The diagnosis · 7 min read

What is ADTKD-MUC1?

The rare genetic kidney disease John lives with, in plain language. What it is, how it works, why it's not curable, and why a kidney transplant is the only real path forward.

If you searched for John's diagnosis after reading a news story, you probably ran into a wall of acronyms. ADTKD-MUC1. Autosomal Dominant Tubulointerstitial Kidney Disease, MUC1 type. Mucin-1. Tubular interstitium. The medical literature on this disease is dense and most of it is written for nephrologists, not families.

This page is for the rest of us. The friend who got a text saying "John needs a kidney." The neighbor who wants to understand what's actually happening to him. The would-be donor who needs to know what they'd be giving a kidney for.

Here's what ADTKD-MUC1 actually is, in language that doesn't require a medical degree.

The short version

ADTKD-MUC1 is a rare genetic kidney disease. It causes the kidneys to slowly fail over decades. There is no medication that stops it. There is no cure. The only effective treatment, once kidney function falls far enough, is dialysis or a kidney transplant.

John was born with the mutation that causes it. He inherited it from a parent who also had it. His kidneys worked fine for years, then started declining gradually, then declined to the point where doctors put him on the transplant list in the fall of 2025.

That's the whole story in one paragraph. Now let's break down what each part actually means.

Breaking down the name

The name "Autosomal Dominant Tubulointerstitial Kidney Disease, MUC1 type" is doing a lot of work. Each piece tells you something specific.

Autosomal Dominant
It's inherited from one parent. You only need one copy of the mutated gene to develop the disease. If a parent has it, each of their children has a 50% chance of inheriting it. It's not gender-linked — sons and daughters are equally likely to inherit it.
Tubulointerstitial
This describes where the damage happens inside the kidney. Kidneys are made of filtering units called nephrons. ADTKD damages the tubular part of those nephrons (the tubes that process filtered fluid) and the interstitial tissue around them (the structural matrix). This is different from kidney diseases that damage the filters themselves (called glomerular diseases).
Kidney Disease
Self-explanatory. The kidneys progressively lose function over many years.
MUC1 type
There are several subtypes of ADTKD, each caused by a mutation in a different gene. MUC1 is the gene that codes for a protein called mucin-1. In ADTKD-MUC1, that gene has a specific mutation that produces a misfolded version of the protein. The misfolded protein accumulates inside the kidney's tubular cells and damages them slowly over time.
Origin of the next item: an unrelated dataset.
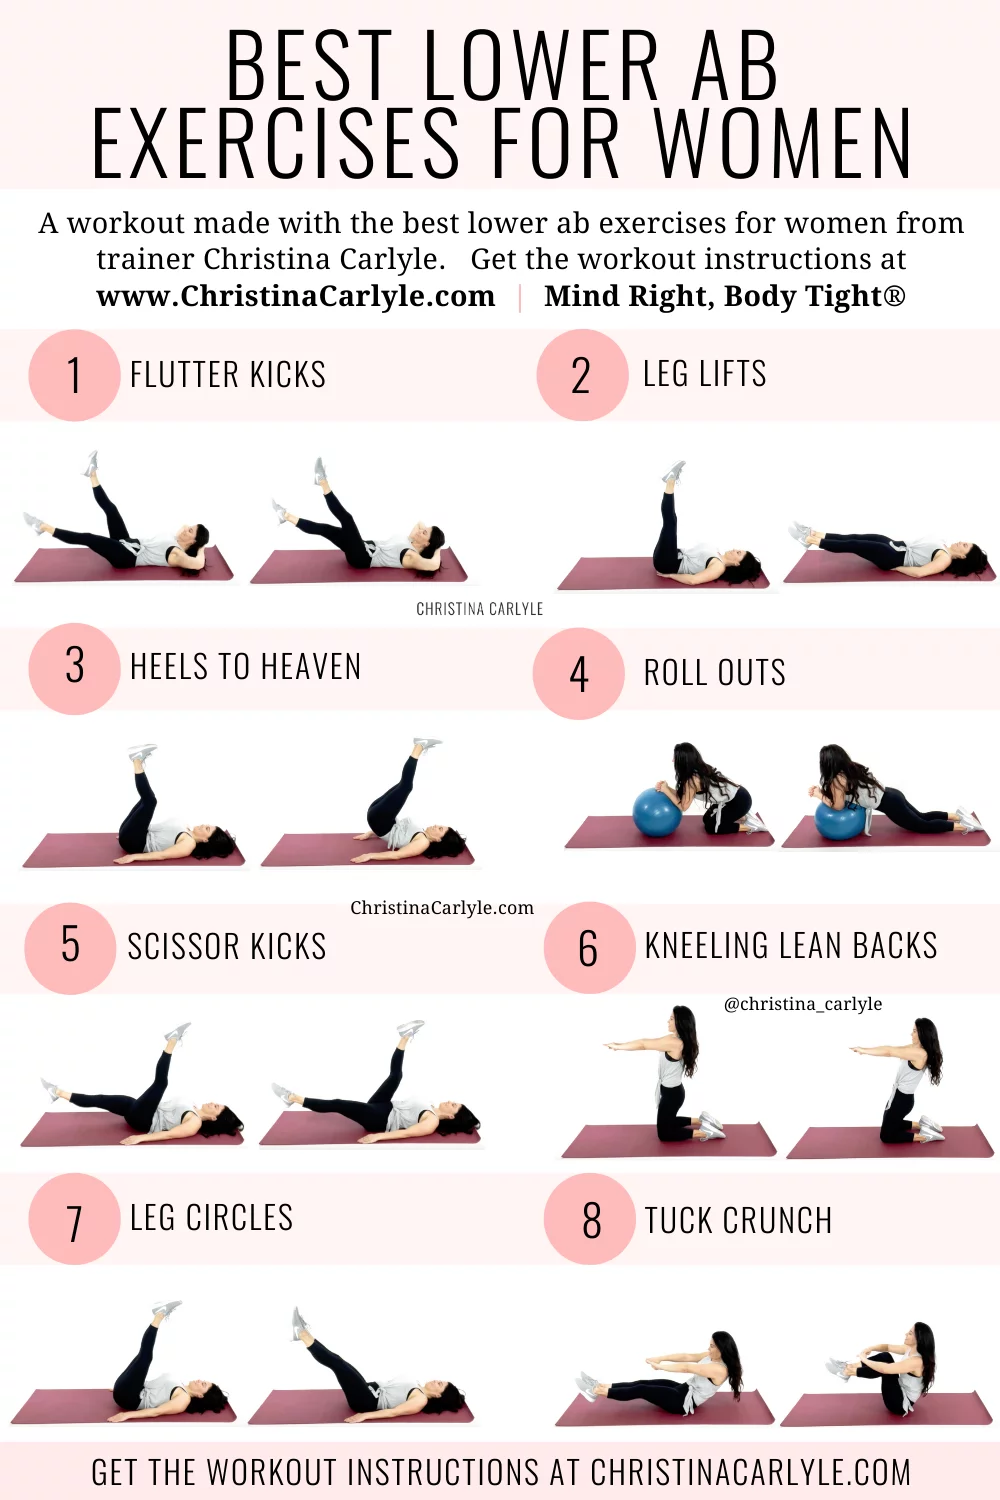 8 lower ab exercises being done by trainer Christina Carlyle in a lower ab workout

What's actually going wrong inside the kidney

Imagine the kidney as an enormous, complex filtering system with millions of tiny tubes. In a healthy person, those tubes process about 50 gallons of fluid every day, reabsorbing what the body needs and excreting what it doesn't.

In someone with ADTKD-MUC1, the cells lining those tubes have a manufacturing defect. They keep producing a defective version of the mucin-1 protein. That defective protein gets stuck inside the cells instead of being secreted normally. It accumulates. It triggers stress responses. Slowly, the cells start to die.

As tubular cells die, the surrounding tissue scars. As more tissue scars, the kidney's filtering capacity drops. As filtering capacity drops, waste products build up in the bloodstream. Eventually the kidneys can no longer keep up, and the patient needs dialysis or a transplant to stay alive.

This process takes decades. Most people with ADTKD-MUC1 reach kidney failure somewhere between their 30s and their 60s.

Why it's hard to diagnose

ADTKD-MUC1 is notoriously difficult to identify, for a few reasons.

It doesn't show up well in standard blood and urine tests. Many genetic kidney diseases produce telltale markers — protein in the urine, blood in the urine, abnormal cells under a microscope. ADTKD-MUC1 doesn't. Routine bloodwork usually just shows declining kidney function (rising creatinine), which can mean a thousand different things.

Kidney biopsies are often inconclusive. The biopsy may show scarring and tubular damage, but those findings are nonspecific. They can result from many different diseases.

The MUC1 gene mutation is hard to detect with standard genetic testing. The disease-causing mutation is a single inserted base pair in a highly repetitive region of the gene. Most genetic sequencing technologies skip over repetitive regions because they're hard to read accurately. A specific, specialized test is required to find this particular mutation.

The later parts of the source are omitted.